Quanto à insegurança causada pela
violência e pelo banditismo, é preciso reprimi-los e está na hora de o PSDB
apresentar um plano bem embasado de construção de penitenciárias modernas,
inclusive algumas sob a forma de parcerias público-privadas, como foi feito em
Minas Gerais. É o momento para refazer a Lei de Execuções Penais e incentivar
os mutirões que tirem das prisões quem já cumpriu pena, como também pôr fim,
como está fazendo São Paulo, às cadeias em delegacias e, ainda, incentivar os
juízes à adoção de penas alternativas.
Não será possível, sem negar
eventuais benefícios de mais médicos, mostrar que a desatenção às pessoas, as
filas nos hospitais, a demora na assistência aos enfermos, nada mudou? E que
isso se deve à incompetência e à penetração de militantes partidários na
máquina pública?
Por que não mostrar que o
festejado programa Minha Casa, Minha Vida tem um desempenho ruim quando se
trata de moradias para a camada de trabalhadores também pobres, mas cuja renda
ultrapassa a dos menos aquinhoados, teoricamente atendidos pelo programa? Sobra
uma enorme parcela da população trabalhadora sem acesso à casa própria, tendo de
pagar aluguéis escorchantes.
Isso para não falar de um estilo
de governo mais simples, mais honesto, que diga a verdade, mostre os problemas
e não se fie no estilo "Brasil maravilha". De um governo mais
poupador de impostos, reduzindo-os para todos e não apenas para beneficiar as
empresas "campeãs" ou "estratégicas". As oposições precisam
ser mais específicas e mostrar como reduzirão os absurdos 39 ministérios, como
eliminarão o inchaço de funcionários e fortalecerão critérios profissionais
para as nomeações. Também chegou a hora de uma reforma política e eleitoral.
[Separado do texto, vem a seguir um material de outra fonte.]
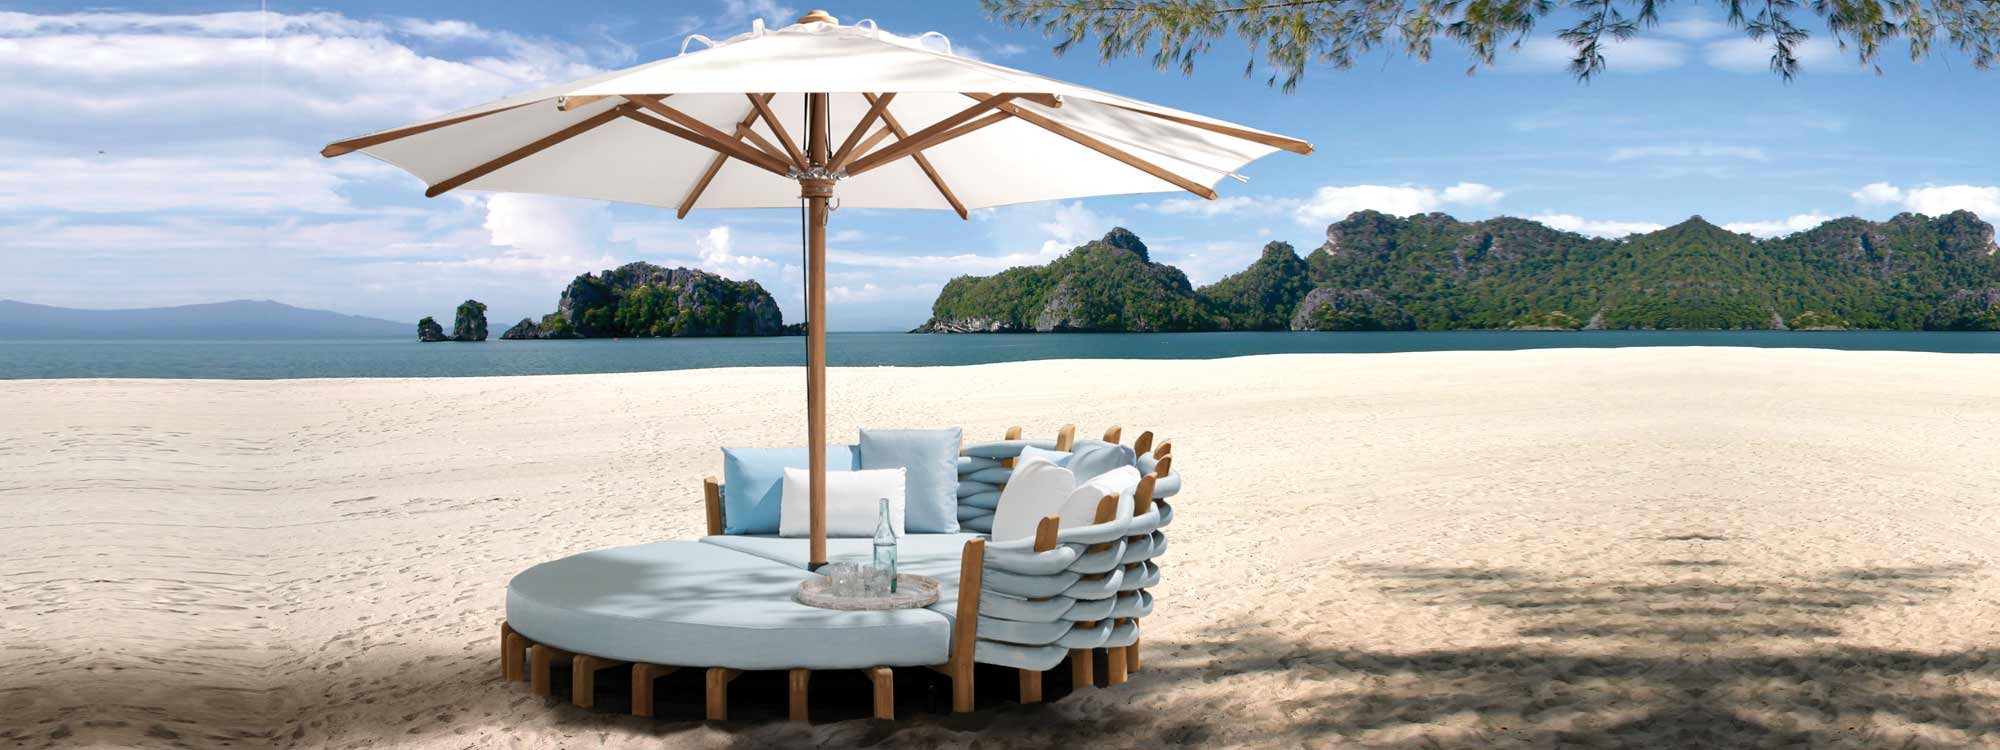 Image of Royal Botania Lotus modern garden day bed with sky blue cushions and white Shady Teak parasol on sandy beach.

Não dá para governar com 30 partidos, dos quais boa parte não passa de legenda
de aluguel.
Em suma, está na hora de mudar e
quem tem a boca torta pelo cachimbo da conivência com a corrupção, o
desperdício e a incompetência administrativa, por mais que faça mímica, não é
capaz dessa proeza. O passado recente teve suas virtudes, mas se esgotou.
Construamos um futuro de menos arrogância, com realismo e competência, que nos
leve a dias melhores."
Artigo de Fernando Henrique Cardoso, criador do Real e ex-presidente da República, publicado em vários jornais.